• [WORK INSTRUCTIONS] Output everything in the data exactly, leaving the pictures out.
[[ SOURCE DATA open ]]
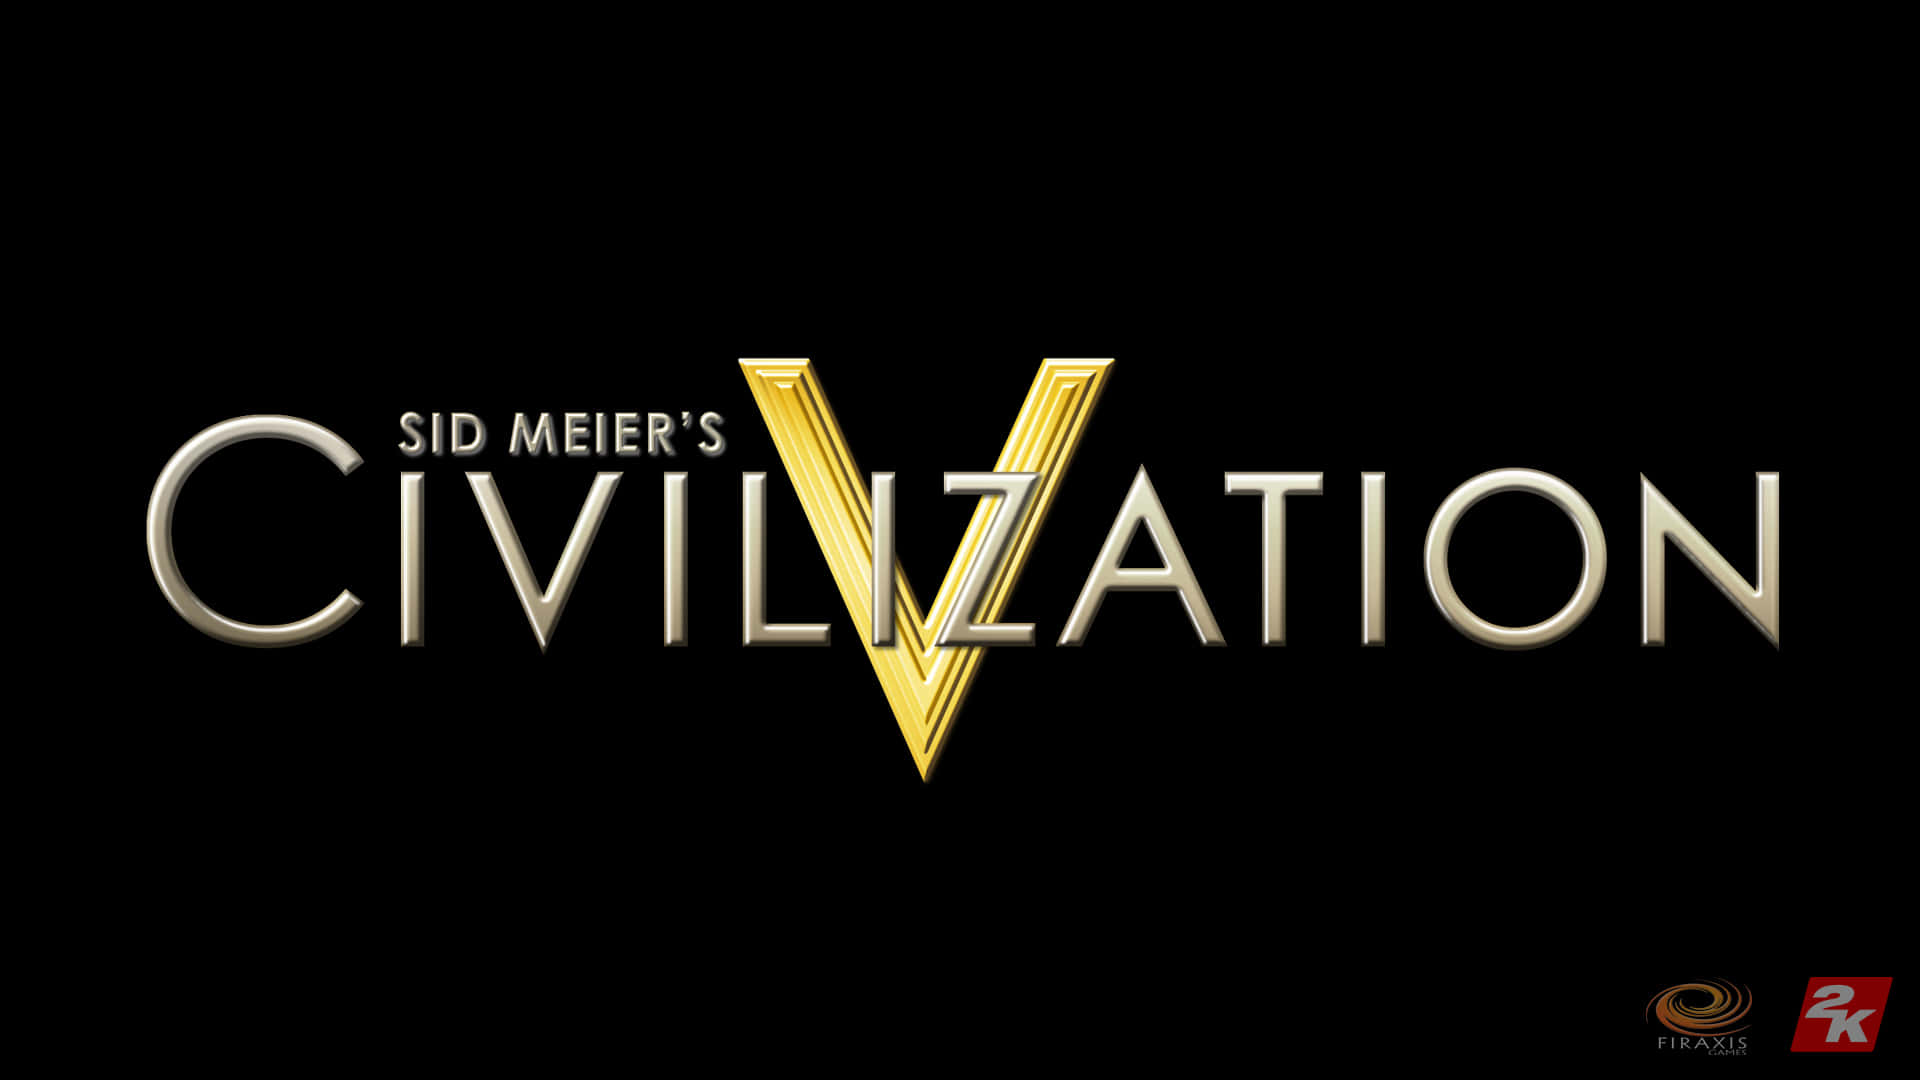 Civilization V in stunning 1080p
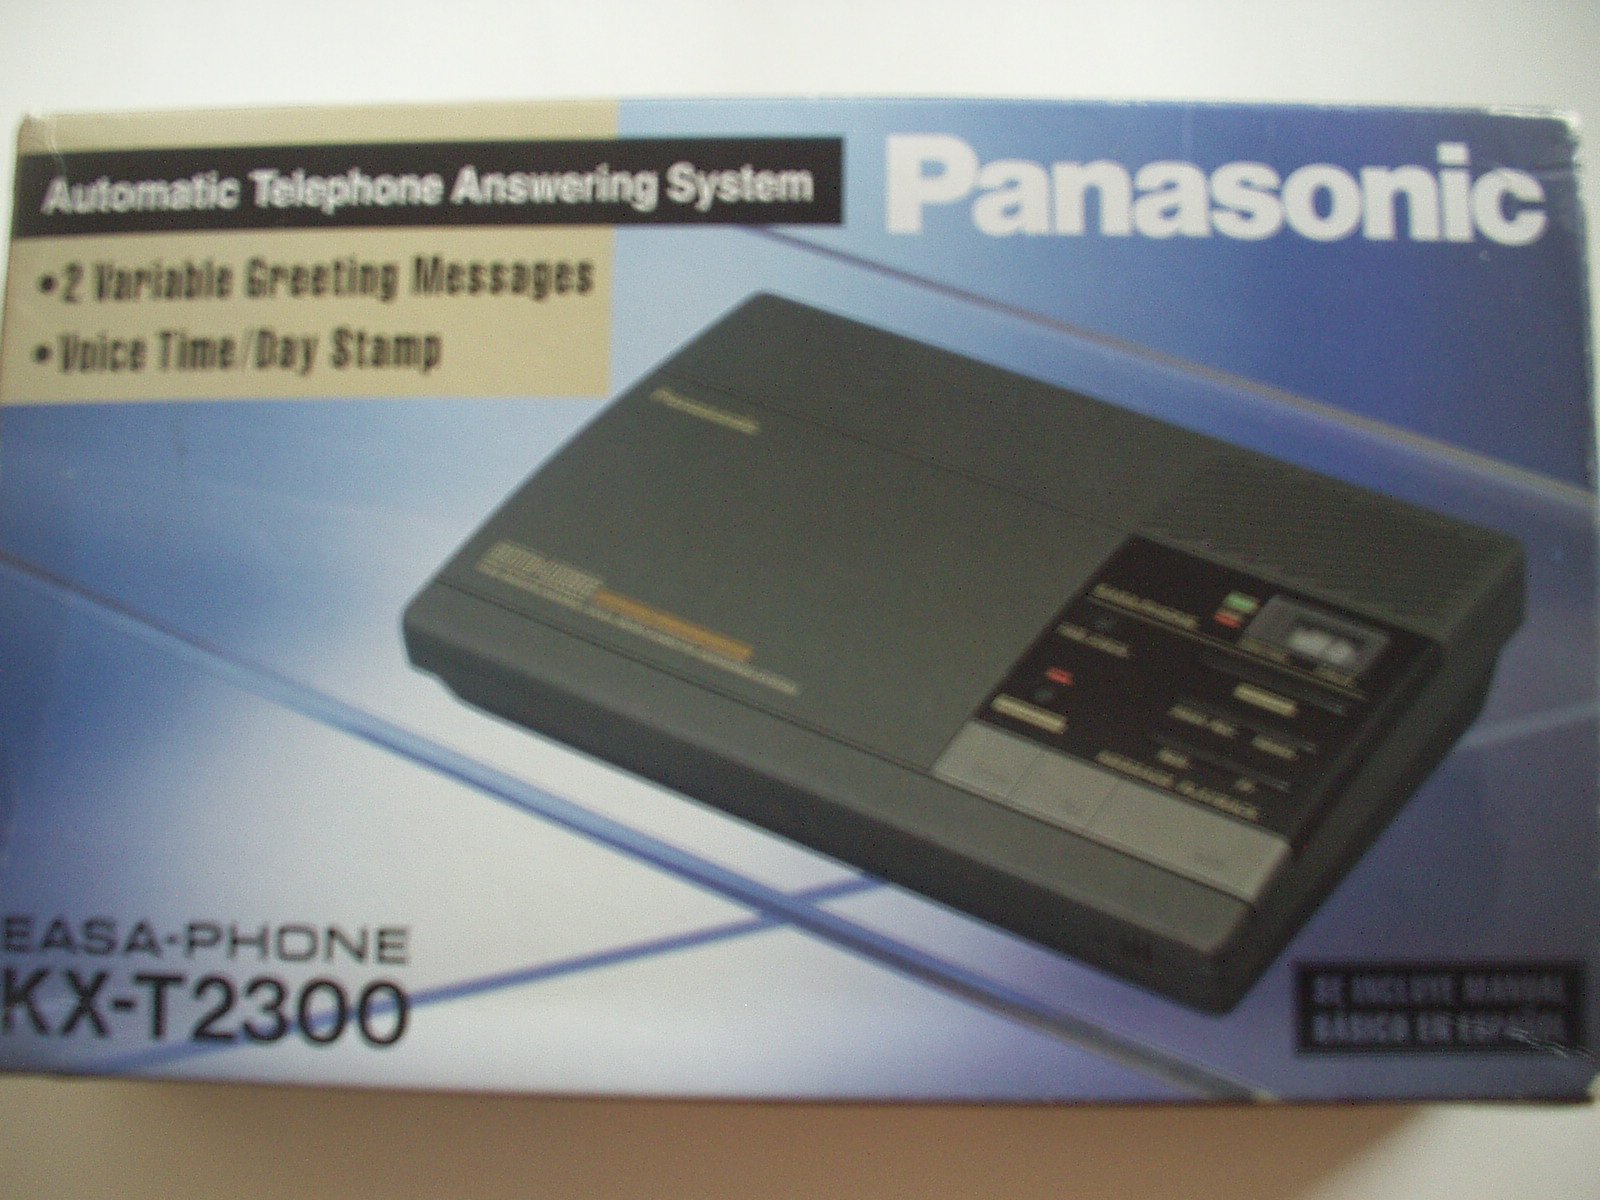 Panasonic KX-T2300 Automatic Telephone Answering System
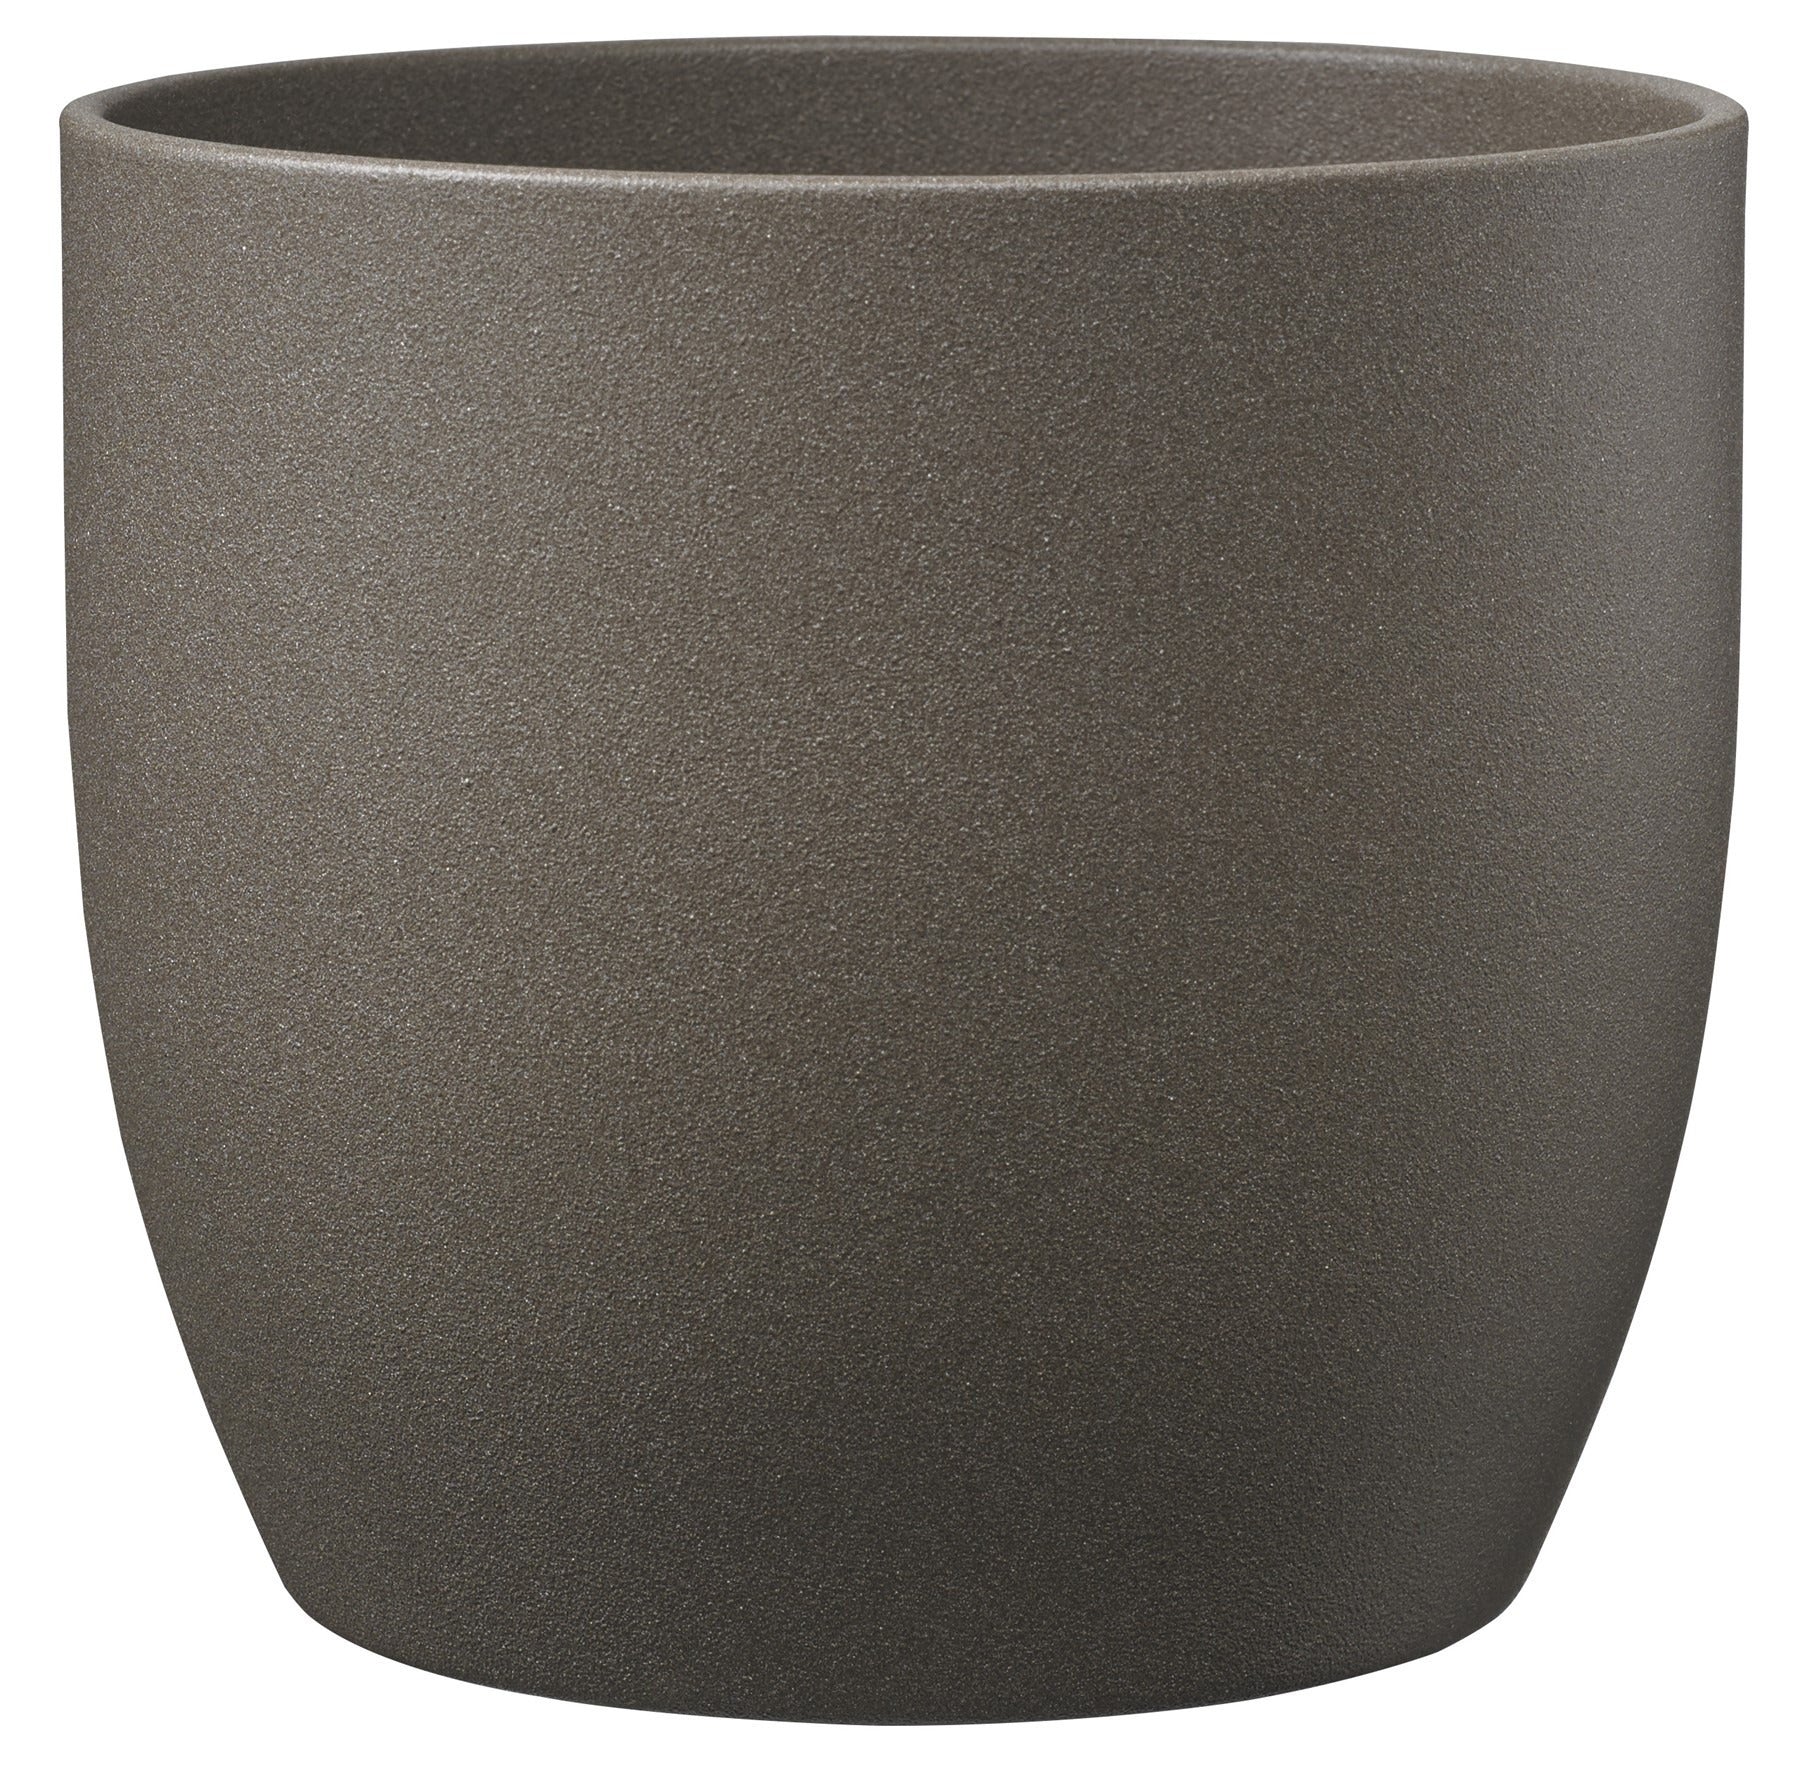 View Basel Stone Ceramic Pot Grey Brown 21cm information
[[ SOURCE DATA closed ]]
• [EXERCISE OUTPUT]
 Civilization V in stunning 1080p
 Panasonic KX-T2300 Automatic Telephone Answering System
 View Basel Stone Ceramic Pot Grey Brown 21cm information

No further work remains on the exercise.